The NOTCH3 c.3062A>G variant is predicted to result in the amino acid substitution p.Tyr1021Cys. This variant has been reported to be causative for CADASIL in several unrelated individuals (Kalimo et al. 2002. PubMed ID: 12146805; Pantoni et al. 2010. PubMed ID: 20038773). Of note, the vast majority of CADASIL-causing missense variants in the NOTCH3 gene result in the gain or loss of cysteine residues in the extracellular domain of the protein, as seen in this patient. This patient’s variant adds a cysteine residue and is located in the extracellular EGF-like domain 26. Pathogenic variants in EGF domains 1-6 appear to be fully penetrant and are usually associated with the classical CADASIL phenotype. However, there is variability in disease severity. Pathogenic variants in EGF domains 7-34 have a much higher population frequency, and can predispose to a milder small-vessel disease, possibly even displaying incomplete or at least very late onset complete penetrance (OMIM #125310; Rutten et al. 2016. PubMed ID: 27844030; Rutten et al. 2019. PubMed ID: 30032161). At PreventionGenetics, we have previously identified this variant in other affected individuals. Taken together, we interpret this variant as pathogenic.

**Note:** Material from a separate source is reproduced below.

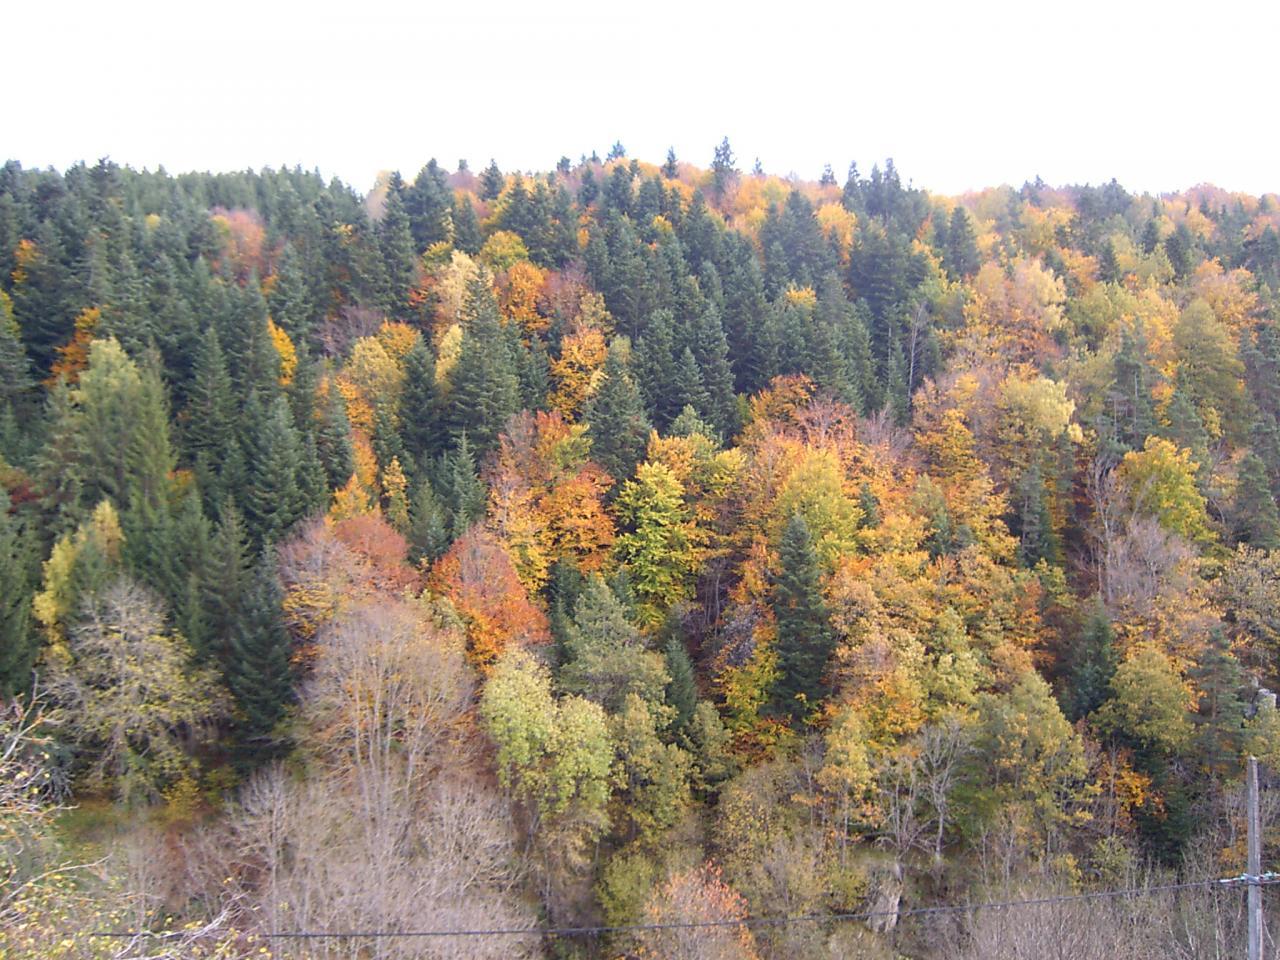 Automne vallee de l'Allier

Variant interpreted as Likely pathogenic and reported on 10-06-2017 by lab or GTR ID Fulgent. GenomeConnect - CureCADASIL assertions are reported exactly as they appear on the patient-provided report from the testing laboratory. Registry team members make no attempt to reinterpret the clinical significance of the variant. Phenotypic details are available under supporting information.